• _WHAT TO PRODUCE_: Every line of the entries below from the one containing "The Ukrainian Weekly 2000, No.44" to the one containing "Tennis ITF Tournaments", both ends included, must be written out exactly. No other line belongs in the answer.

• _DATASET CONTENT_:
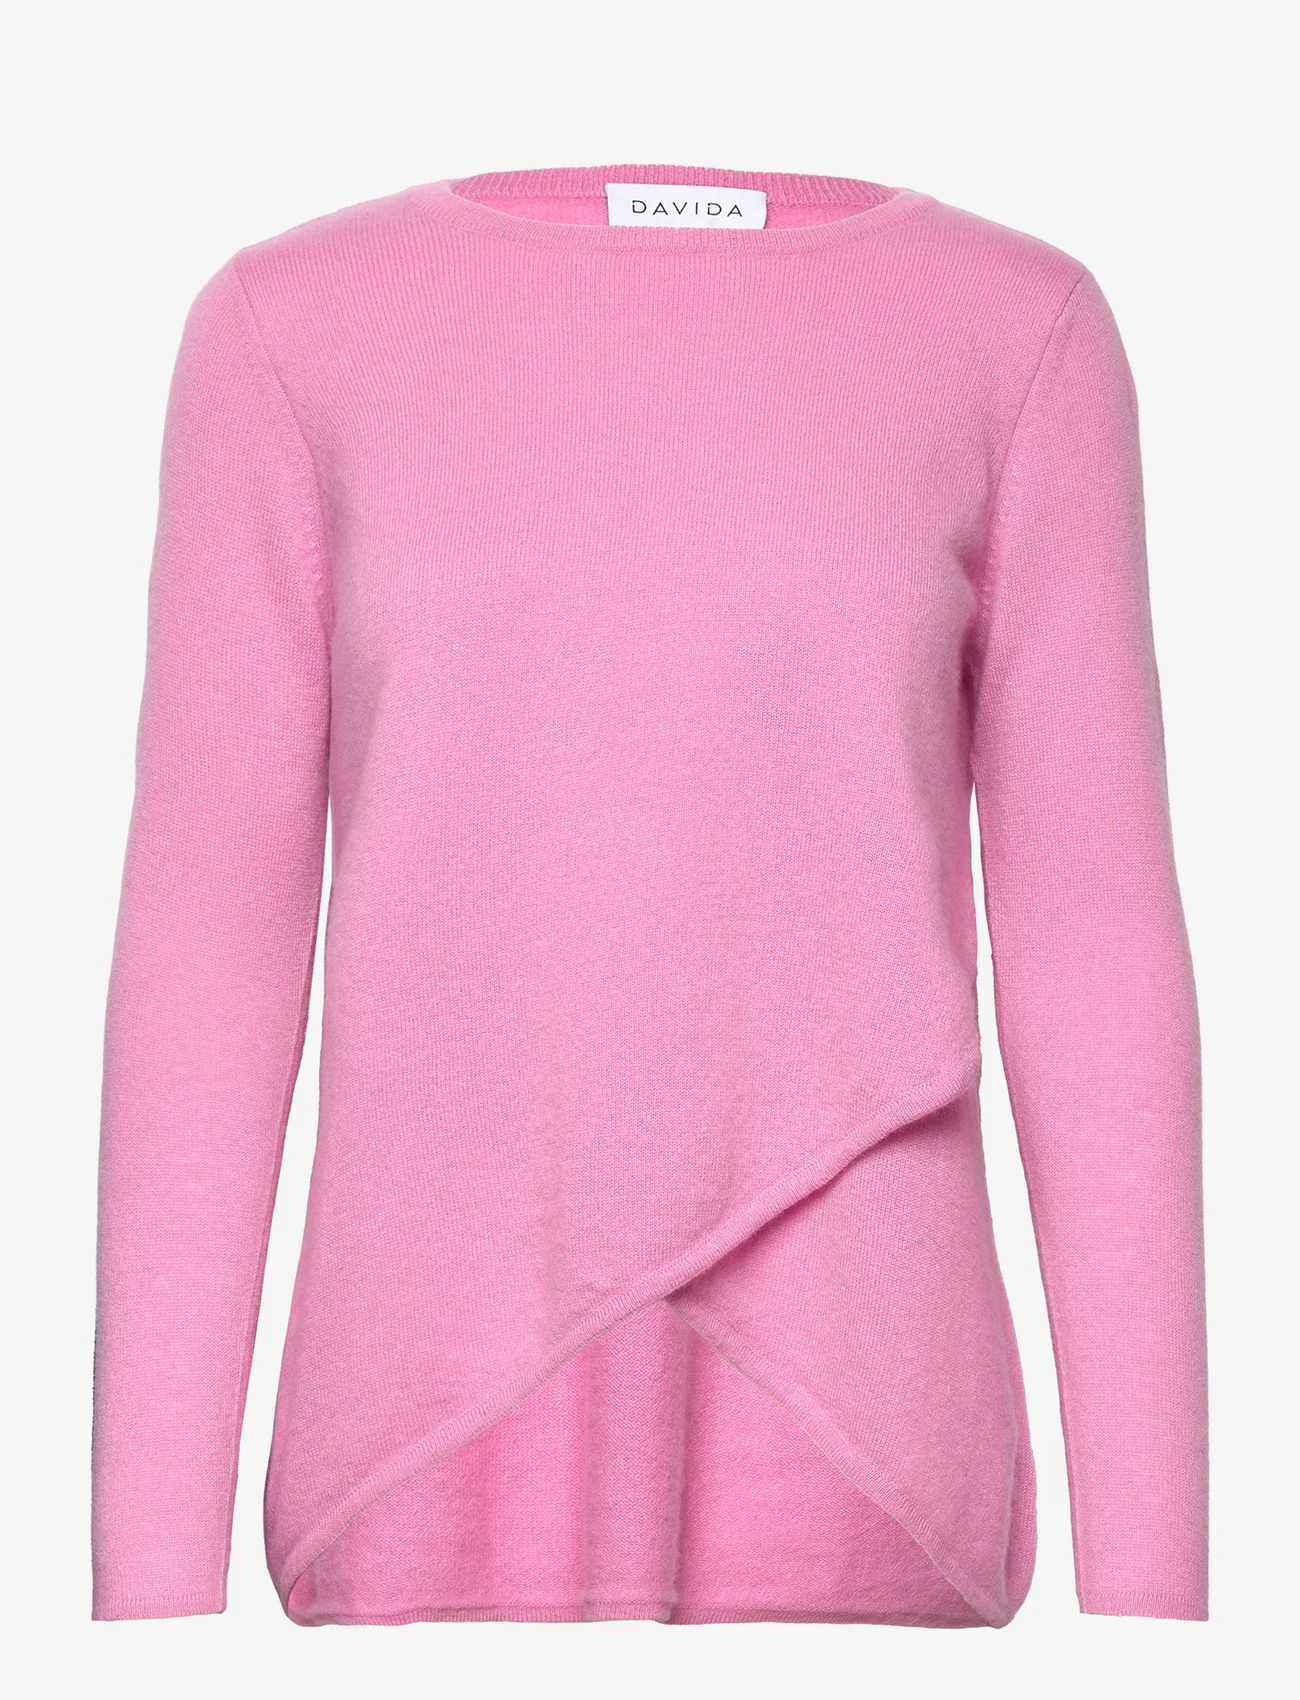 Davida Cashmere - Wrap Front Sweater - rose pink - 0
* * *
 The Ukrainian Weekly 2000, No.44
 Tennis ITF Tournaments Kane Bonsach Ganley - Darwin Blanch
...
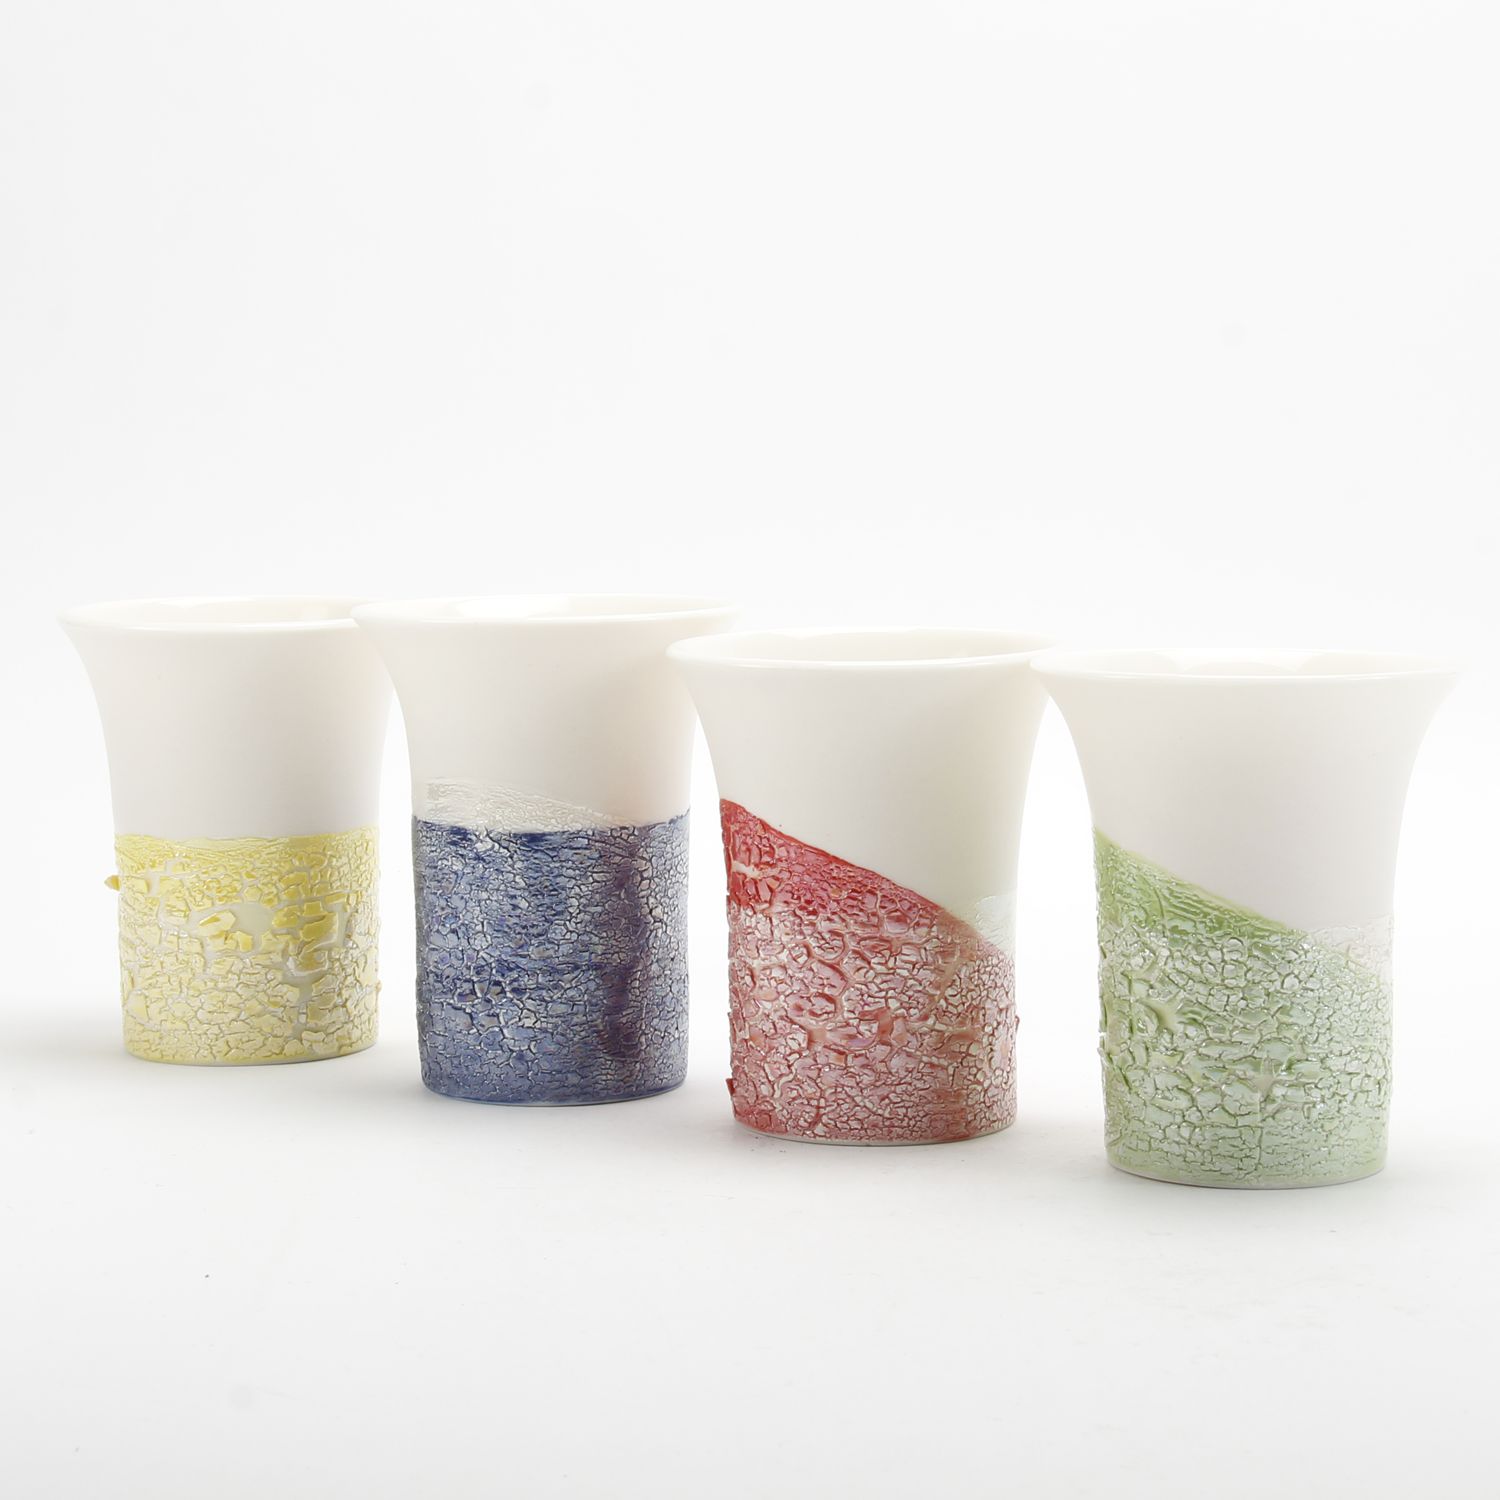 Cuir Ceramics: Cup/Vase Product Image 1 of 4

• _TASK RESULT_:
 The Ukrainian Weekly 2000, No.44
 Tennis ITF Tournaments Kane Bonsach Ganley - Darwin Blanch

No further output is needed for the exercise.